For any picture in the lines below, please leave it out and copy the rest exactly.

Records drawn from a dataset:
++++++++++
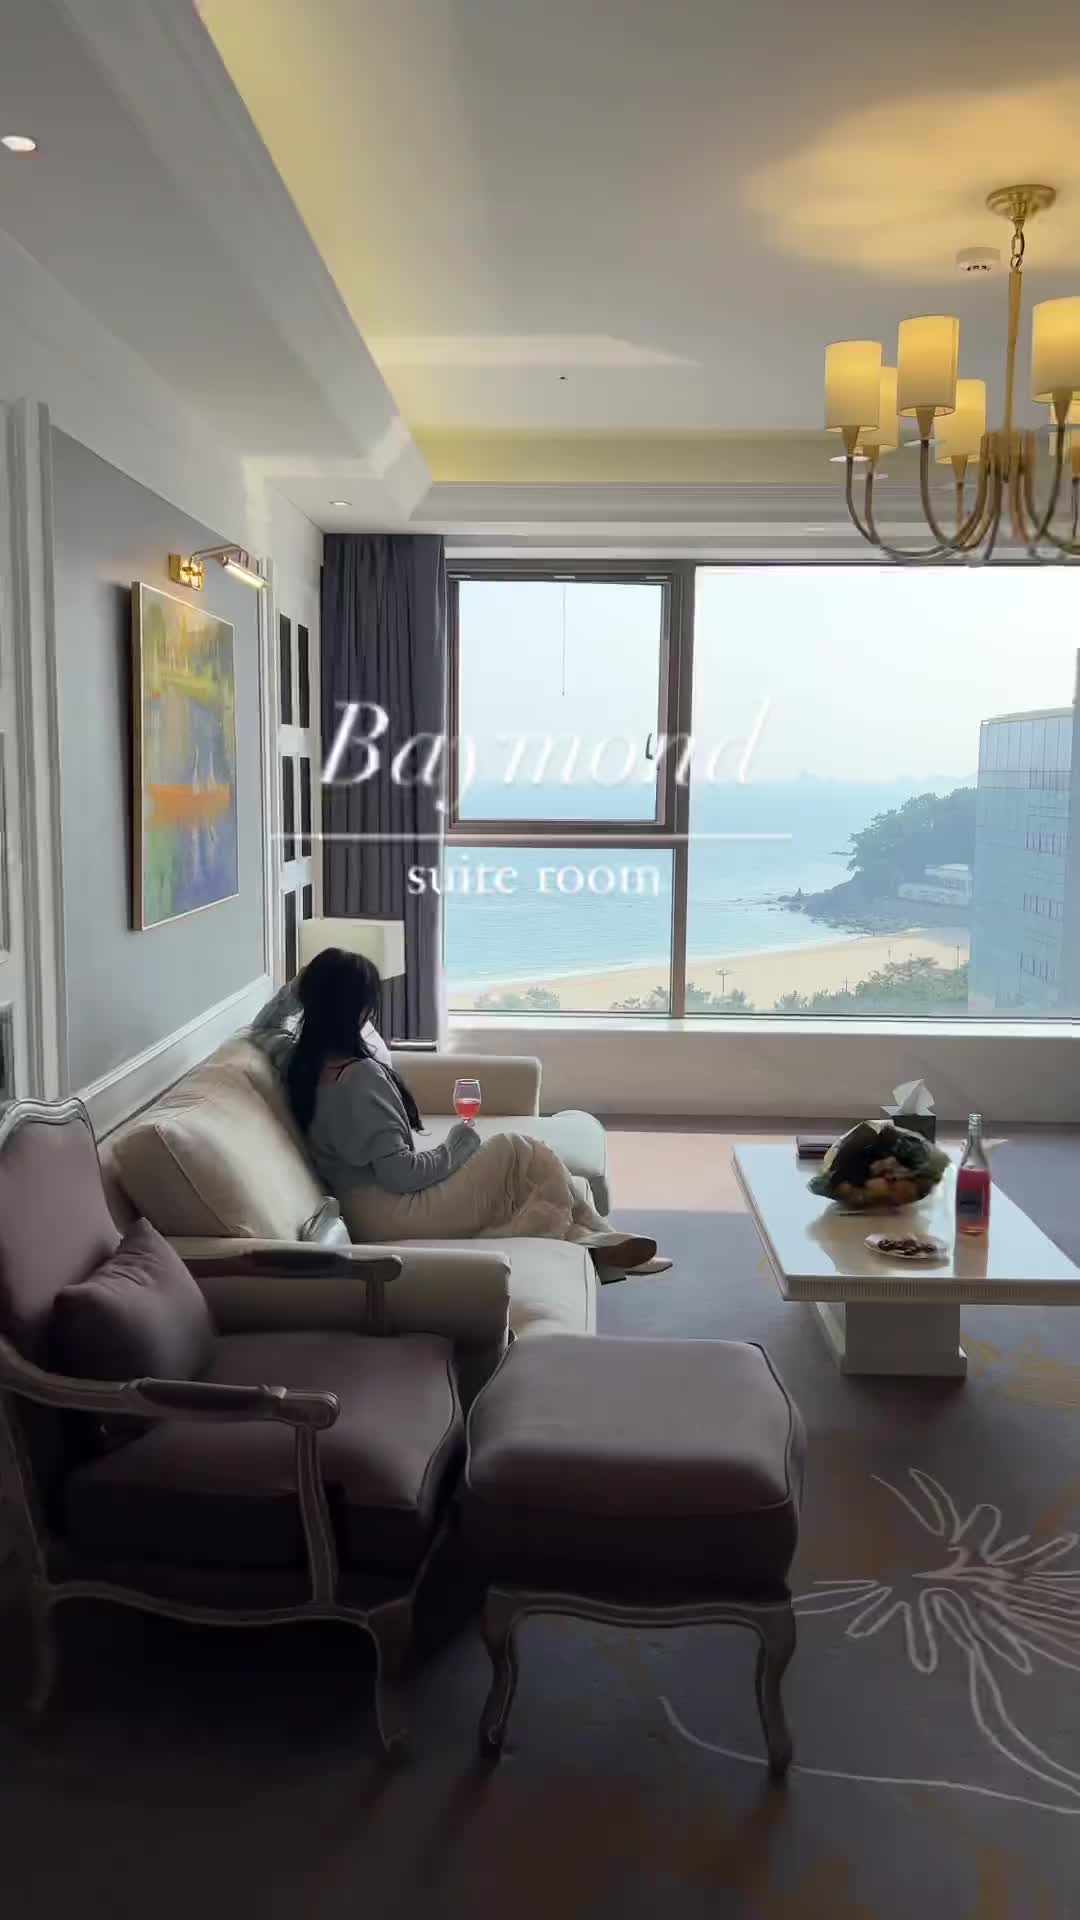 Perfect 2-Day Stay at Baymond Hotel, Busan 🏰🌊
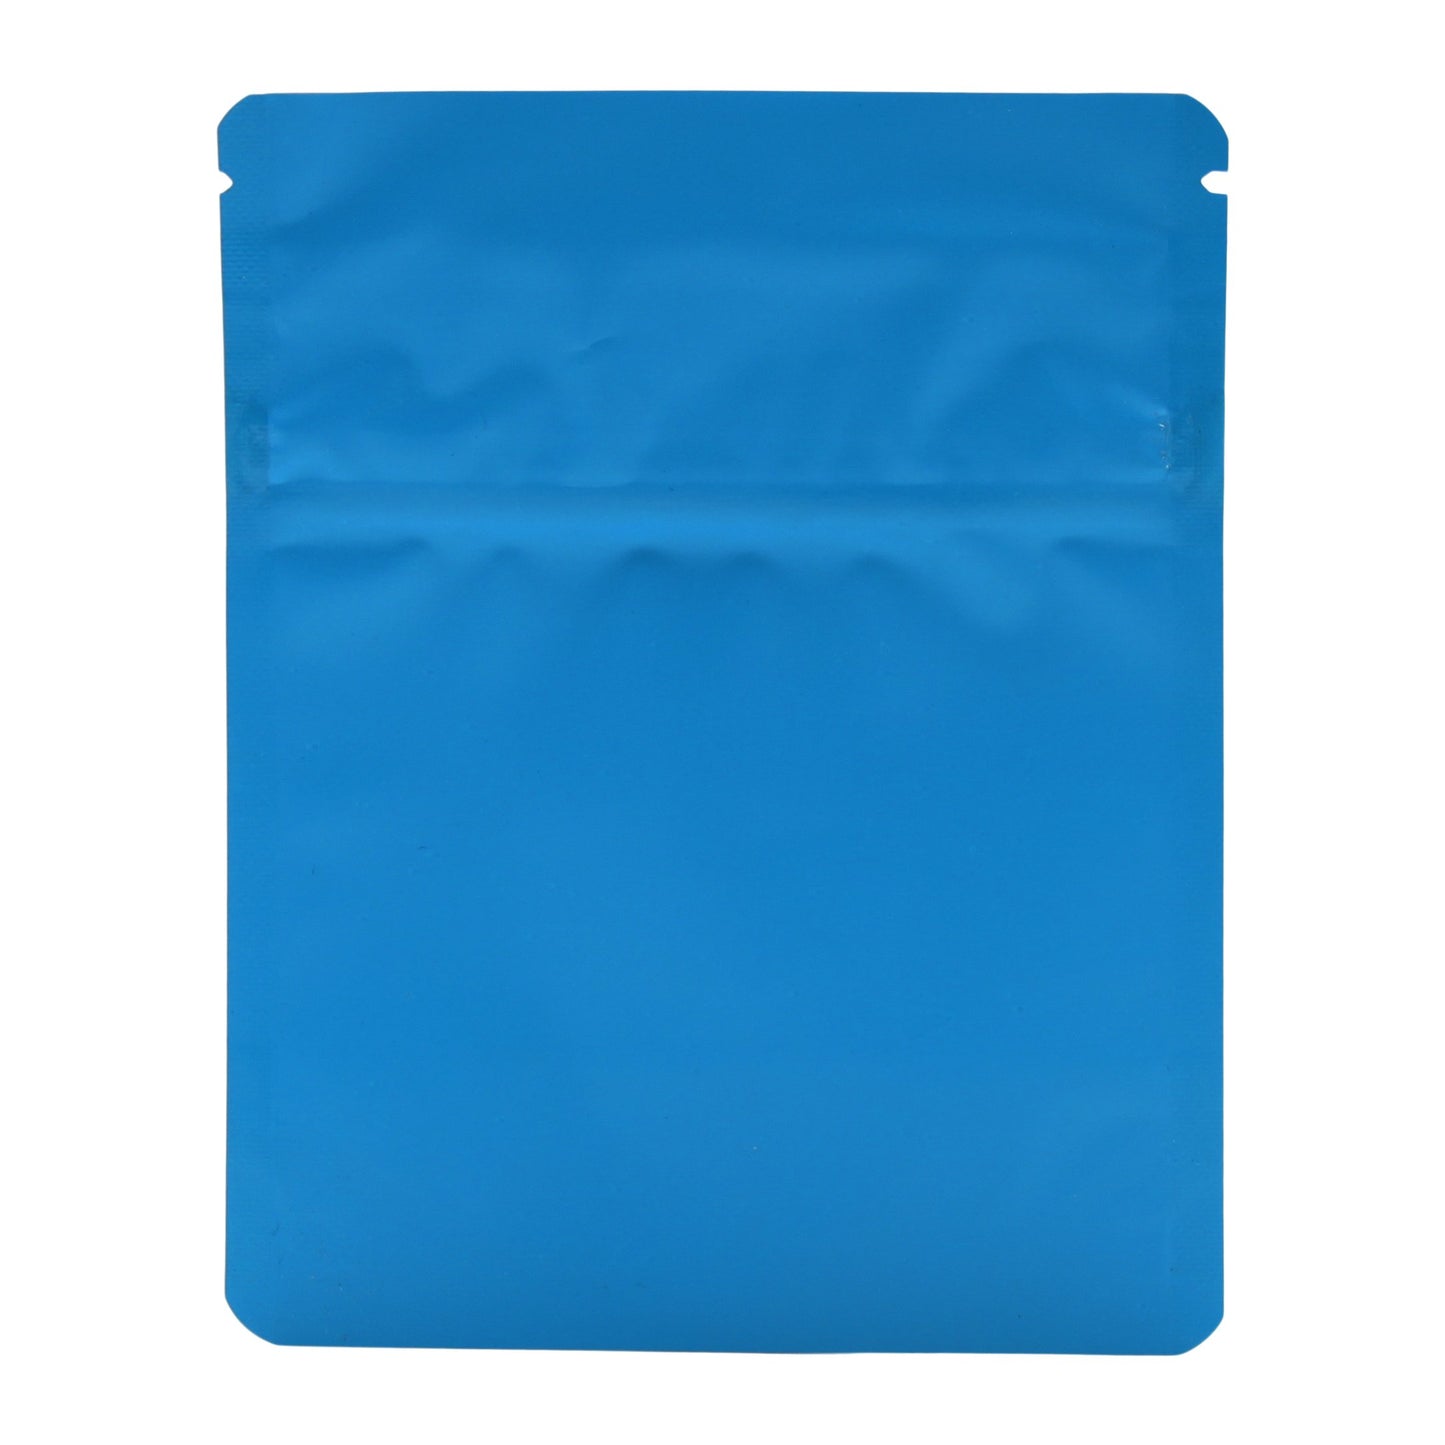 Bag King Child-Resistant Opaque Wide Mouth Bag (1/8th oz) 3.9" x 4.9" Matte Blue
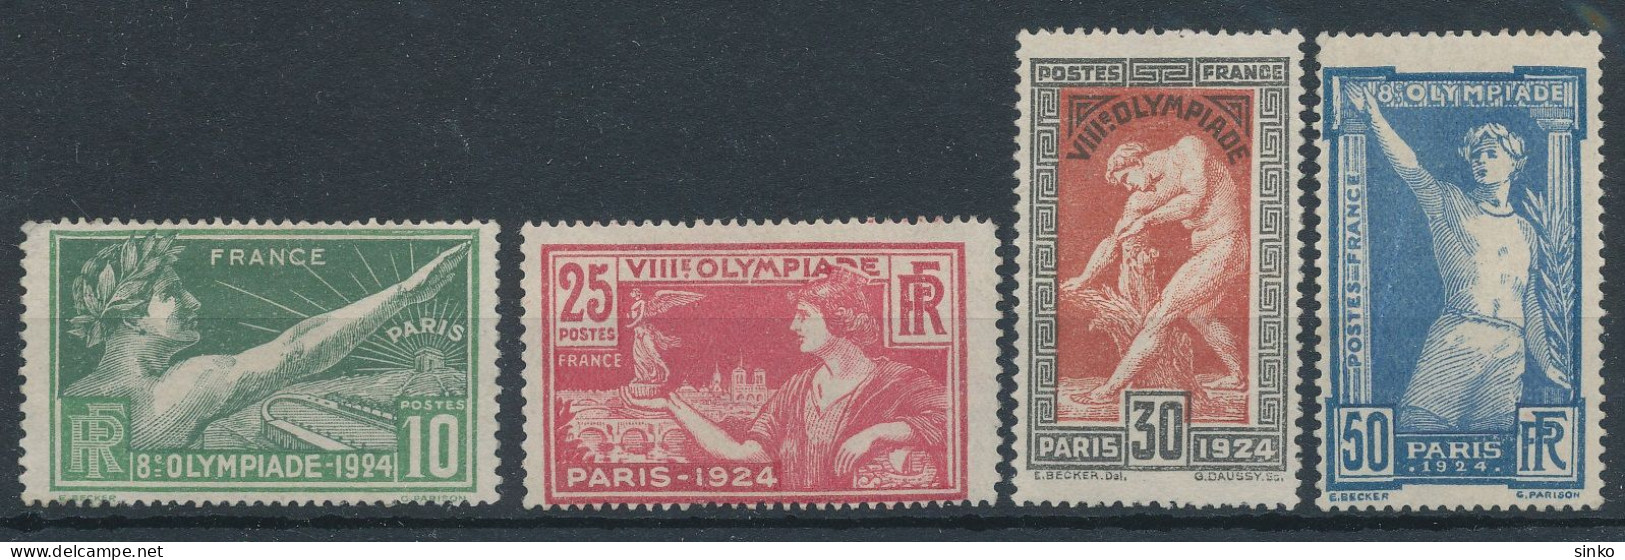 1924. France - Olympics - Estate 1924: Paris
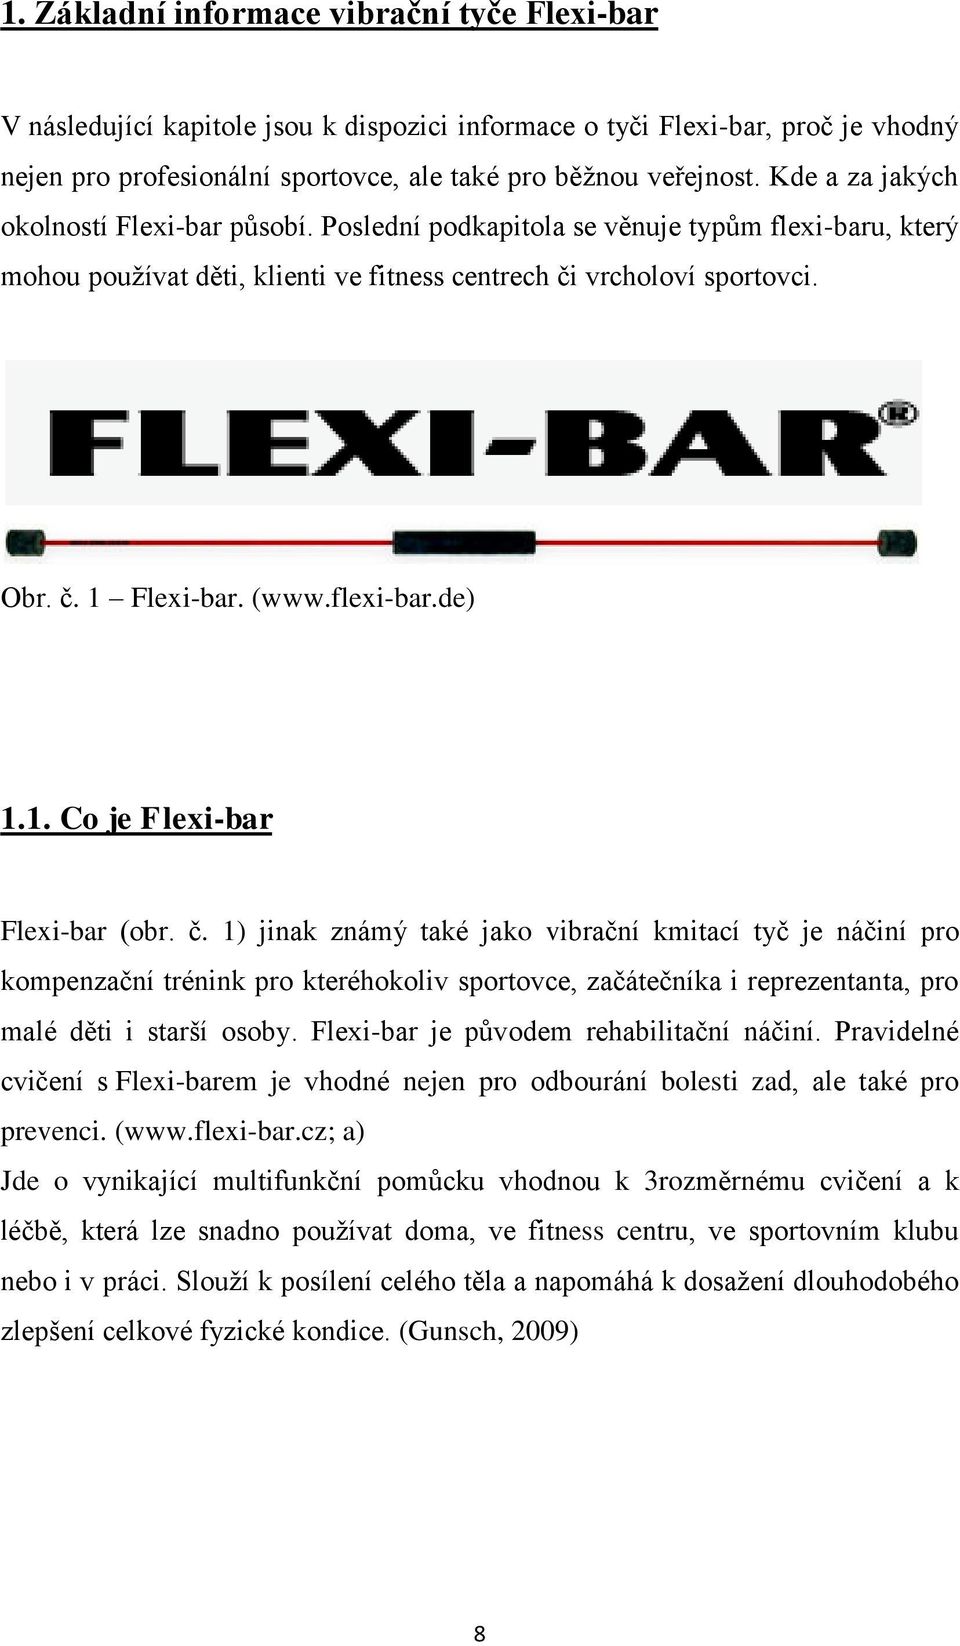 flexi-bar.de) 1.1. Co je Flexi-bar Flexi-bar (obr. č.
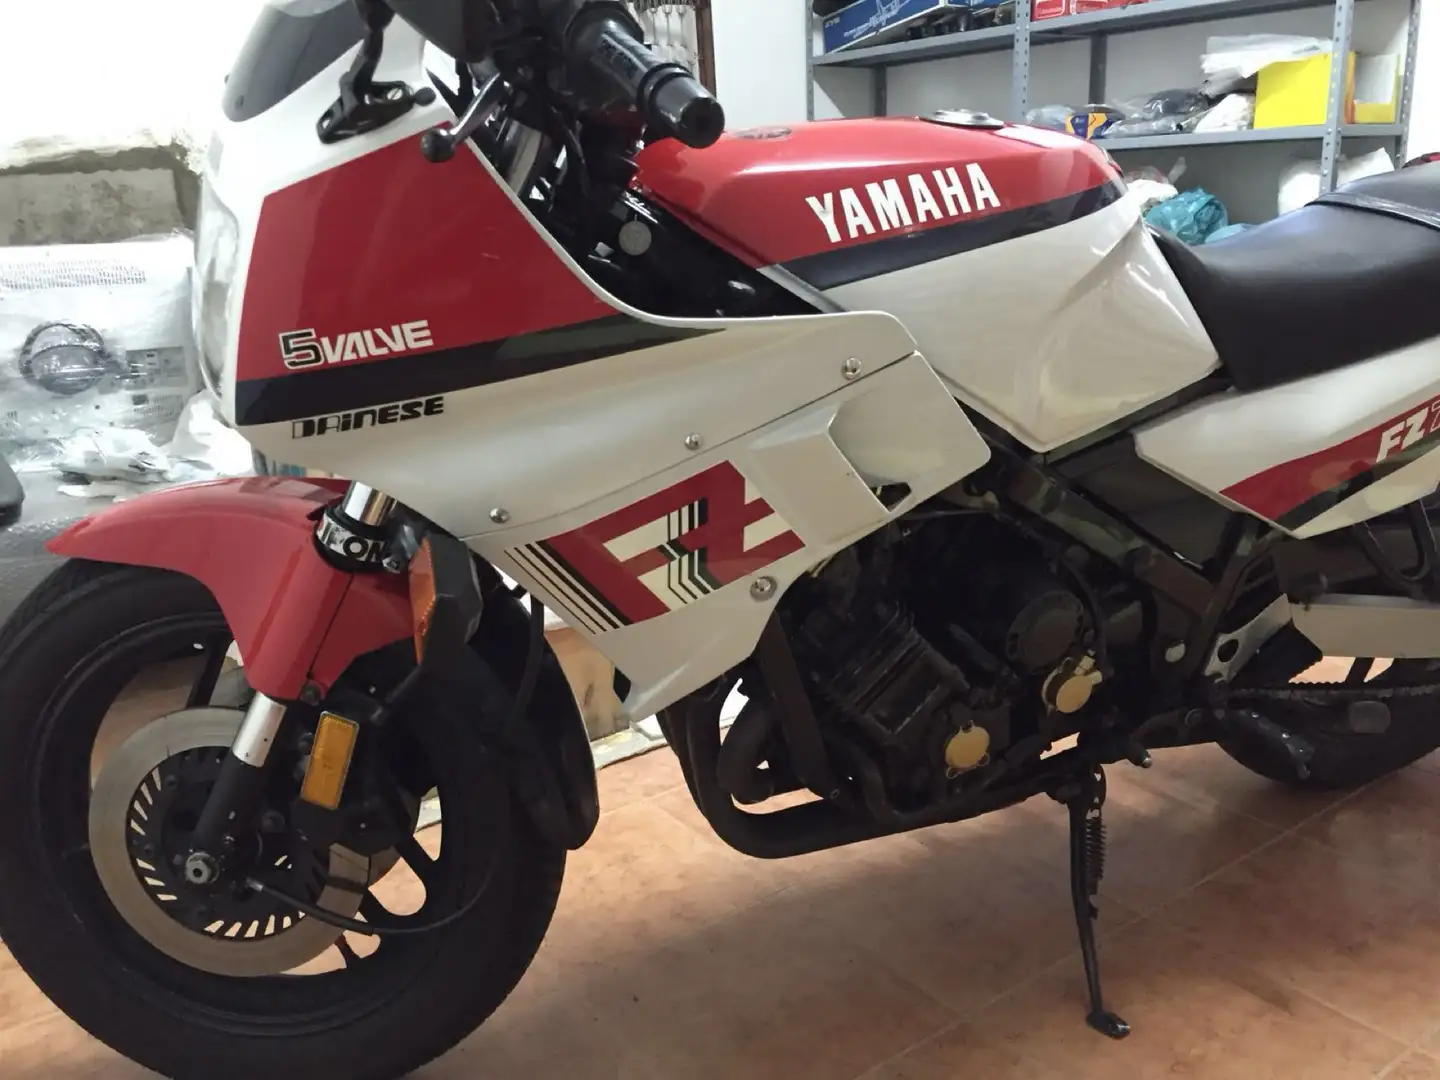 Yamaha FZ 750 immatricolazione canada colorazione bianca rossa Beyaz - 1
++++++++++
TASK ANSWER:
 Perfect 2-Day Stay at Baymond Hotel, Busan 🏰🌊
 Bag King Child-Resistant Opaque Wide Mouth Bag (1/8th oz) 3.9" x 4.9" Matte Blue
 1924. France - Olympics - Estate 1924: Paris
 flexi-bar.de) 1.1. Co je Flexi-bar Flexi-bar (obr. č.
 Yamaha FZ 750 immatricolazione canada colorazione bianca rossa Beyaz - 1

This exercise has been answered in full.